The cryosections were blocked for 2 h at room temperature in FACS buffer containing 1 mg ml−1 anti-FcγR mAb (2.4G2). The cryosections were incubated overnight at 4 °C with the following antibodies at 2.5 μg ml−1 working concentrations: anti-SIGNR1 (22D1, eBioscience), anti-B220 (RA3–6B2, eBioscience), anti-CD45.1 (A20, eBioscience), anti-CD45.2 (104, eBioscience) and anti-GL7 (GL-7, eBioscience). For eGFP staining, anti-full length GFP polyclonal antibody (1:1,000, Clontech) was used overnight at 4 °C. Then, the unconjugated anti-GFP antibody was detected with an AlexaFluor488-conjugated goat anti-rabbit IgG secondary antibody (1:1,000, Zsbio) at room temperature for 1 h. Images were taken on a confocal microscope (Zeiss LSM-710) and analysed with ZEN 2012 software (Carl Zeiss) and Fiji ImageJ.
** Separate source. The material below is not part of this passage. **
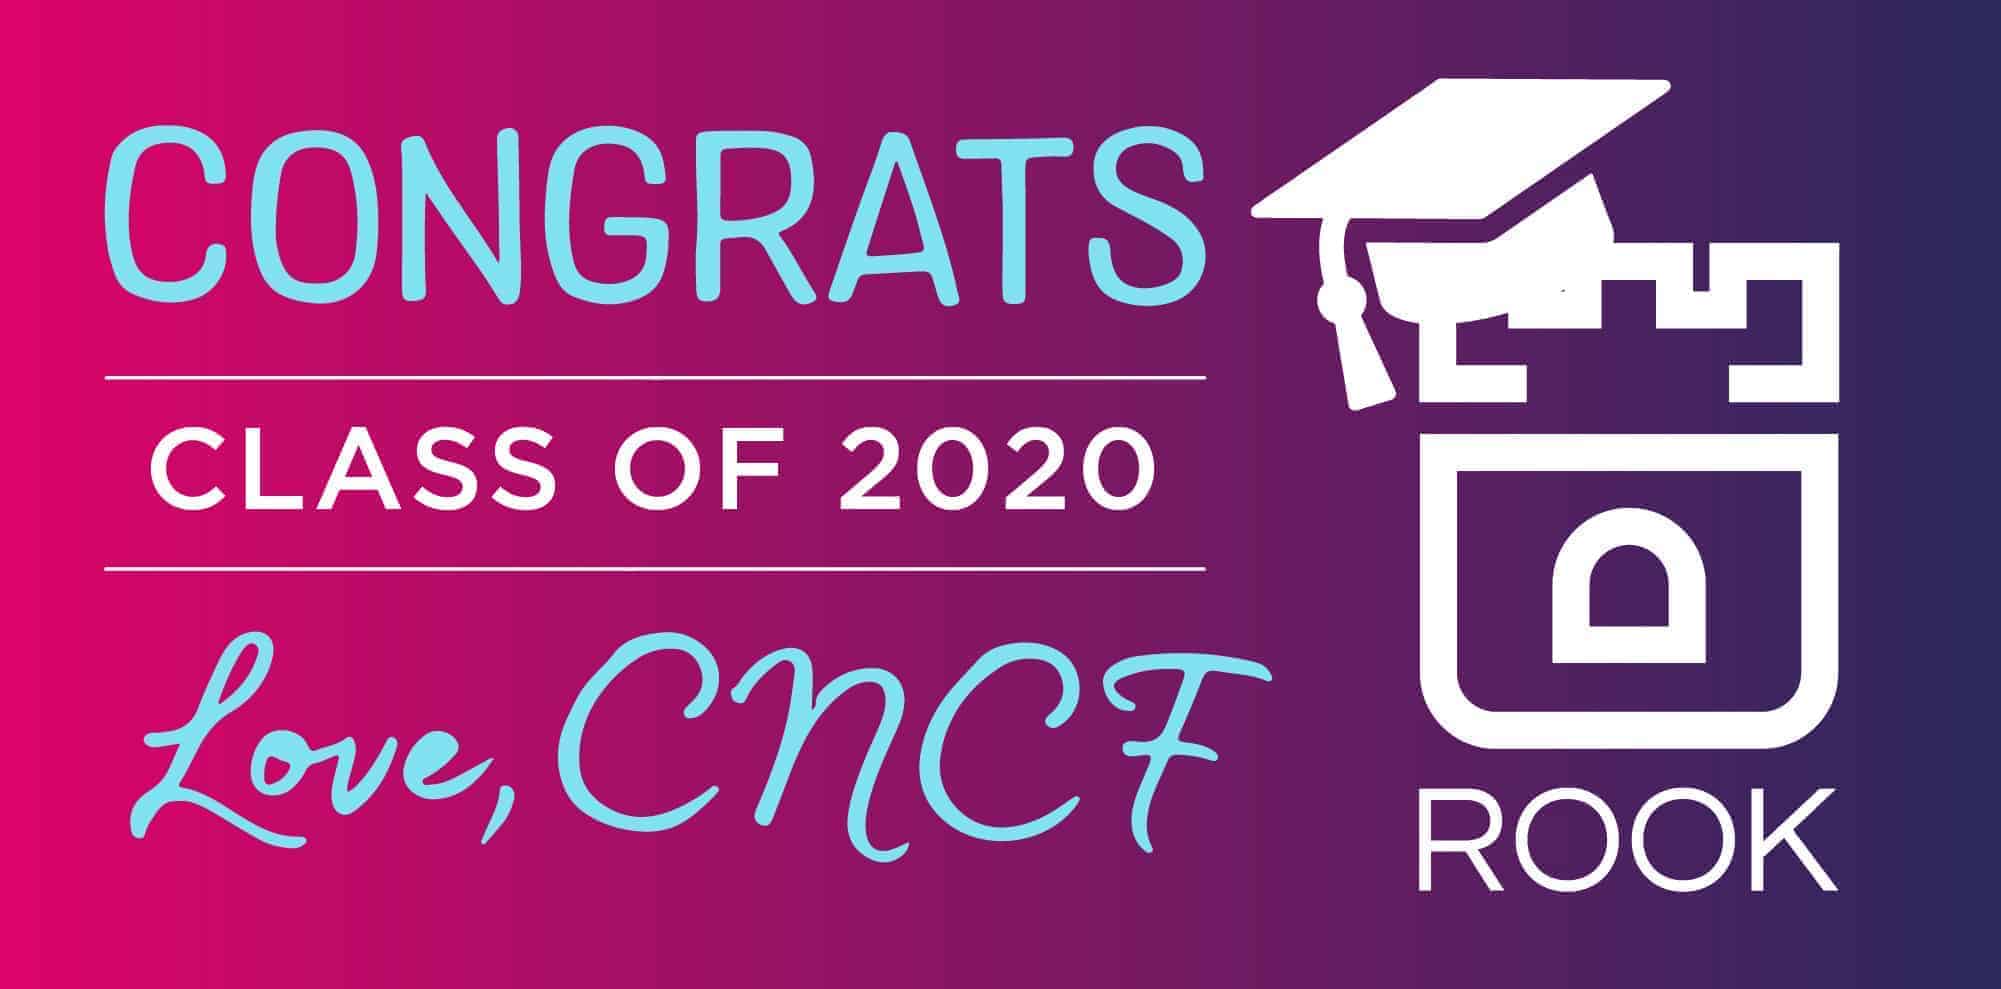 CNCF congratulates graduation of Rook class of 2020

Quantitative real-time PCR

Total RNA was extracted using TRIzol (Invitrogen) according to the manufacturer’s instructions. RNA was reverse transcribed into cDNA using a RevertAid First Strand cDNA synthesis kit (Life Technologies). Quantitative real-time PCR was performed using SYBR Premix Ex Taq (Takara) on an ABI QuantStudio 7 Flex real-time PCR system. The primers used for quantitative real-time PCR are as follows: Hprt (forward, 5′-TCCTCCTCAGACCGCTTTT-3′; reverse, 5′-CCTGGTTCATCATCGCTAATC-3′), Lamp1 (forward, 5′-GTGGGAGTTGCGGTATCAAC-3′; reverse, 5′-TATTCAAGCGCACTCCTTGC-3′), Lamp2 (forward, 5′-CTAGGAGCCGTTCAGTCCAA-3′; reverse, 5′-CTTGCAGGTGAATACCCCAA-3′), Lyz1 (forward, 5′-GGACTCCTCCTGCTTTCTGT-3′; reverse, 5′-TAAACACACCCAGTCAGCCA-3′), Lyz2 (forward, 5′-GGACTCCTCCTGCTTTCTGT-3′; reverse, 5′-AGTCAGTGCTTTGGTCTCCA-3′), Ctsb (forward, 5′-TCTGAAGAAGCTGTGTGGCA-3′; reverse, 5′-TTGTTCCCGTGCATCAAAGG-3′) and Ctsc (forward, 5′-CTCGGTGATGGAAGCAACAG-3′; reverse, 5′-CTGATAGCTGTGTGGCCTCT-3′). The ΔΔCt method was used to calculate relative target gene expression to Hprt. For HBV RNA detection, the primers used are as follows: HBV 3.5 kb (forward, 5′-GAGTGTGGATTCGCACTCC-3′; reverse, 5′-GAGGCGAGGGAGTTCTTCT-3′) and HBV total (forward, 5′-TCACCAGCACCATGCAAC-3′; reverse, 5′-AAGCCACCCAAGGCACAG-3′). For HBV DNA detection in serum, HBV DNA was extracted from 200 µl of serum and measured following the manufacturer’s instructions (careHBV, Qiagen). The detection of HBV cccDNA was performed as reported50. After total DNA isolation from liver, a combination of digestion with XmaI and SacI restriction enzymes followed by T5 exonuclease was used to degrade HBV relaxed circular DNA and all the AAV DNA. The remaining undigested HBV cccDNA allows specific detection by quantitative real-time PCR. The primers used are forward, 5′ -TGCACTTCGCTTCACCT-3′; reverse, 5′ -AGGGGCATTTGGTGGTC-3′.

Statistical analysis

All analysis was performed using GraphPad Prism statistical software. All of the data were analysed using an unpaired two-tailed t-test or paired two-tailed t-test. The results are expressed as the mean ± s.e.m. A value of P < 0.05 was considered statistically significant.

Reporting Summary

Further information on research design is available in the Nature Research Reporting Summary linked to this article.